Human mesenchymal stem cells (hMSCs) are considered promising candidates for clinical applications based on cell-therapy approaches. They are adherent, multipotent stem cells that can be isolated from various connective tissues [813] such as bone marrow (BM), fetal membranes (FM), adipose tissue (AT) and dental pulp (DP). MSCs have an immunomodulatory function and potently inhibit the immune response [14]. Pluripotent hMSC subpopulations, able to differentiate into lineage cells other than mesenchymal lineage cells, have also been found [15]. However, hMSCs from various sources exhibit differing lineage-commitment yields and differing expression levels of pluripotency markers, very likely because of the presence of dissimilar progenitor cells [8,11,16,17].
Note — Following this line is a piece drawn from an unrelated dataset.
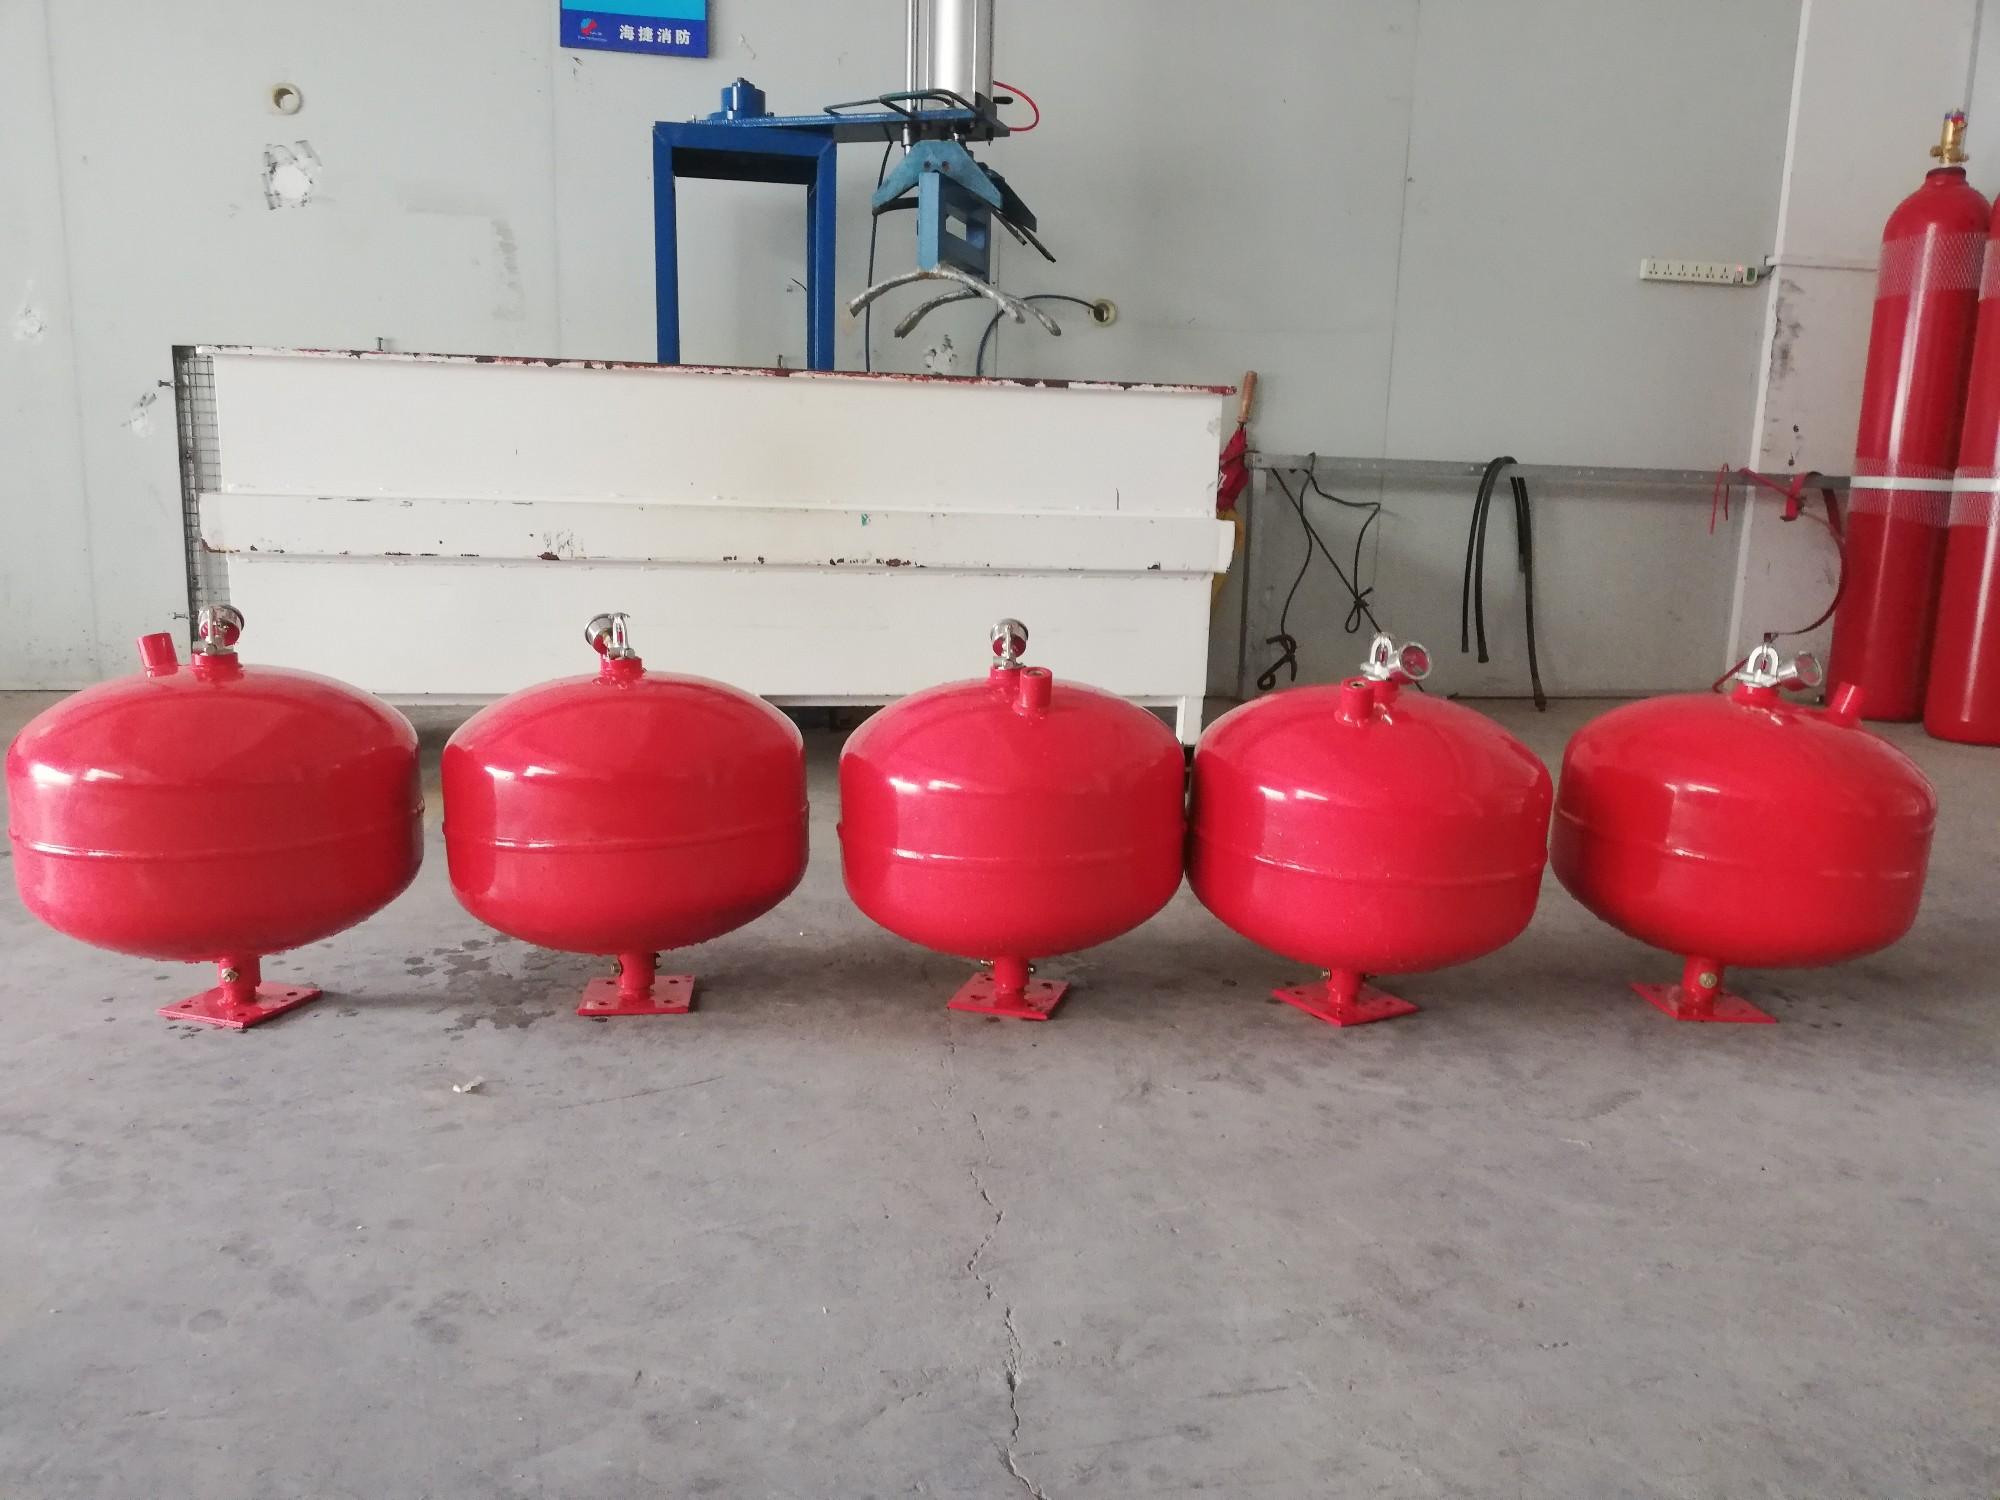 七氟丙烷灭火装置的数据检测计算

As reported in previous literature, phenotypically similar hMSCs deriving from different sources show differences in their ultrastructural characteristics [18] which can be related to dissimilar differentiation abilities [11,16,17]. Transmission electron microscopy (TEM) has been used to investigate the basic ultrastructural phenotype of MSCs. The study revealed subtle yet significant differences among hMSCs isolated from different tissues. Hence, upon fractionation by GrFFF, there may be differences in the retention behavior of hMSCs from various sources, and these might be associated with differences in their differentiation potential. However, application of the conventional GrFFF method to adherent cells requires cell sedimentation at the accumulation wall, which tends to cause cell adhesion to the wall and cell-cell aggregation/stacking. This can drastically reduce cell recovery, and also affects cell functionality after fractionation.

This paper describes a fractionation protocol based on non-equilibrium GrFFF as a means of purifying, distinguishing and sorting MSCs from clinical specimens [19,20].
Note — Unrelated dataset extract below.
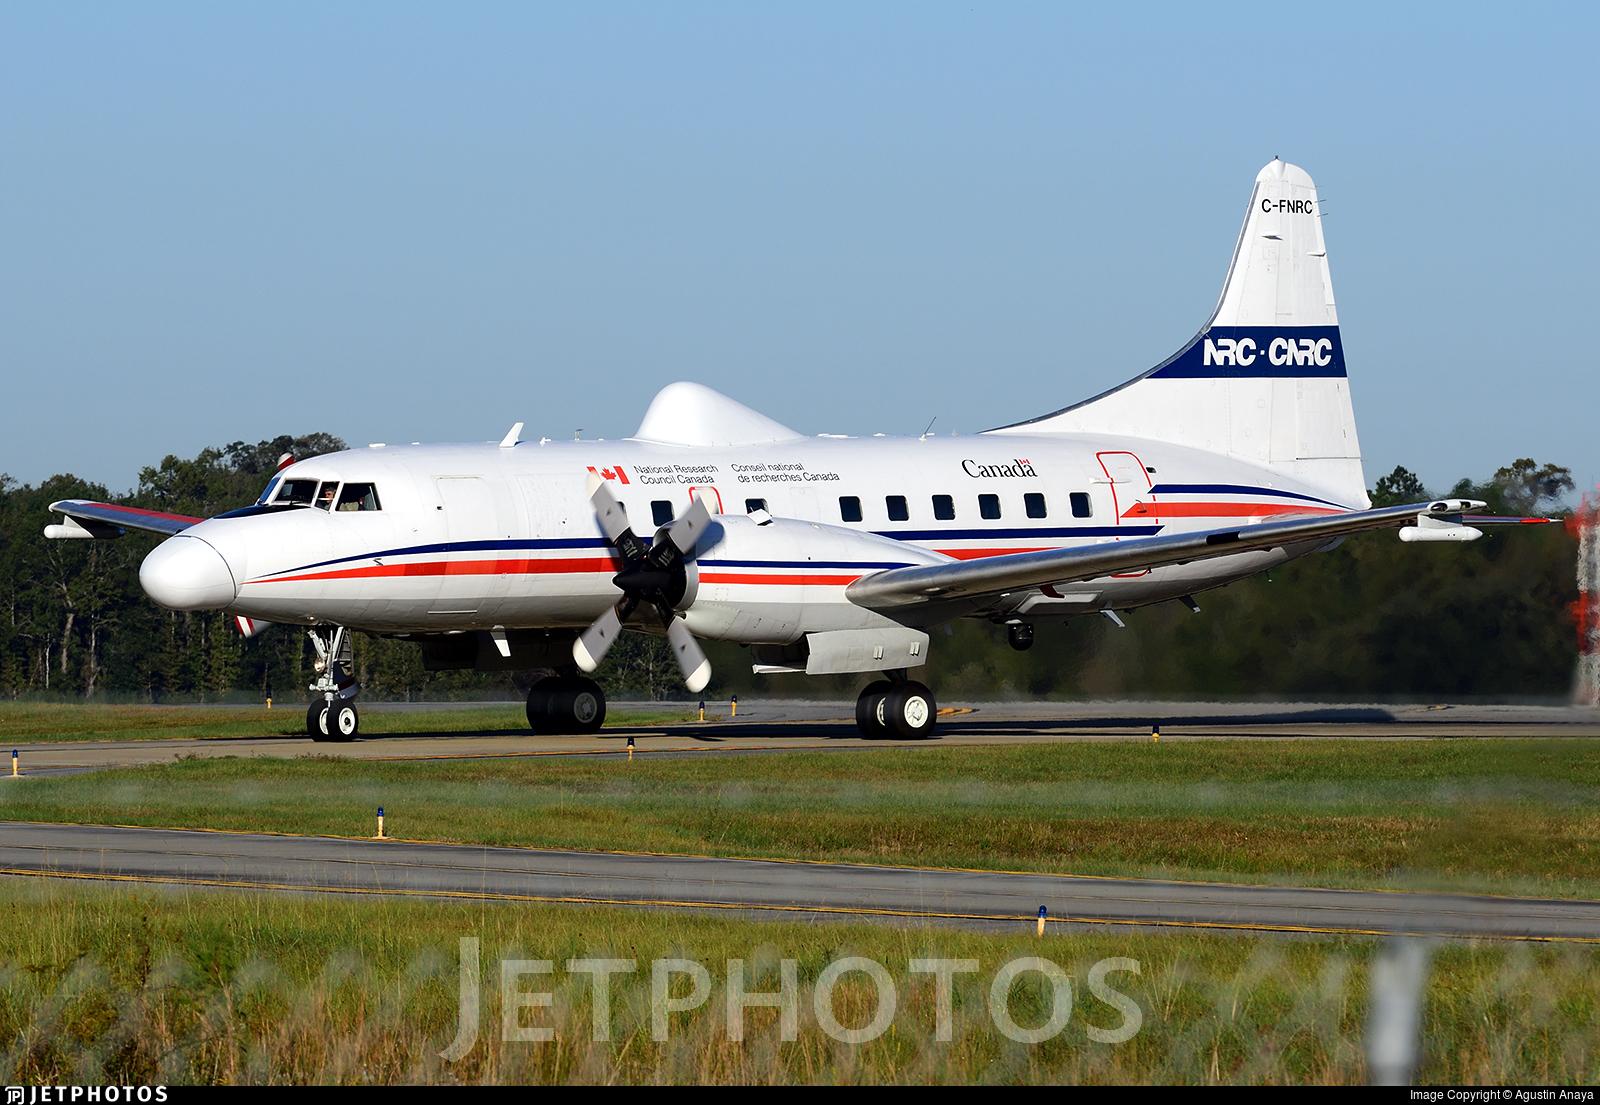 C-FNRC - Convair CV-580 - Canada - National Research Council

Cell contact and adhesion with the fractionation device are avoided by in-flow injection, by the absence of stop-flow cell sedimentation, and by using elution flow rate values able to generate hydrodynamic forces that are intense enough to lift and keep cells away from the channel wall. Since during fractionation cells are suspended in a fluidic condition, they acquire features that may be different from their native, adherent state. The fractionation process is therefore based on the differences in cell features that are dynamically acquired during flow-assisted fractionation under the combined action of the flow stream, the gravitational field, and the hydrodynamic lift forces.

The flow rate values applied guarantee low shear stress on cells. After fractionation is completed, cells can return to the adherent state, and the native physical features are fully restored. Cell viability after fractionation proves to be fully preserved upon using standard flow-cytometry (FC)-based staining methods.

The protocol can be applied to separating MSCs from potential phenotypically different contaminants when cells are isolated from clinical specimens, thus allowing to reduce the number of cell culture passages for MSC selection; to distinguish MSCs derived from different sources, and finally to sort stem cells from an MSC population isolated from a single source, obtaining the highest differentiation yield.

The protocol represents a new tool for tag-less stem cell purification and sorting which can be easily integrated in conventional cell-sorting platforms to reduce time and improve fully functional stem cell yield.

Materials

Isolation and Culture of Mesenchymal Stem Cells (MSCs) and Amniotic Epithelial Cells (AECs)

  1. 1.

    Sterile Phosphate buffered saline (PBS, Lonza)

  2. 2.

    Penicillin-Streptomycin solution (Sigma)

  3. 3.

    Dulbecco’s modified Eagle’s medium (DMEM, Lonza )

  4. 4.

    Fetal bovine serum (FBS, Lonza)

  5. 5.

    0.25% Trypsin-EDTA solution (Lonza)

  6. 6.

    Collagenase 1 mg/mL (Sigma)

  7. 7.

    Ficoll (Sigma)

  8. 8.

    Scalpels

  9. 9.

    Tweezers

  10. 10.

    Cell culture flasks (BD Falcon)

  11. 11.

    Epidermal growth factor (EGF, Sigma)

  12. 12.

    Incubator

Characterization of MSCs and AECs

  1. 1.

    Cytomics FC500 flow cytometer (Beckman-Coulter)

  2. 2.

    CXP Software (Beckman-Coulter)

  3. 3.

    Antibodies: anti-CD29-FITC, anti-CD34-PE, anti-CD44-FITC, anti-CD45-APC, anti-CD90-PC5, anti-CD105-PE, anti-CD166-PE (all from Beckman Coulter, Fullerton, CA, USA), anti CD73-FITC (BD-Pharmingen, San Diego, CA, USA), anti-pan-Cytokeratin (PanCK C11-PE, Santa Cruz Biotechnology, USA), fluorochrome-matched isotype control irrelevant antibodies (Beckman Coulter, Fullerton, CA, USA).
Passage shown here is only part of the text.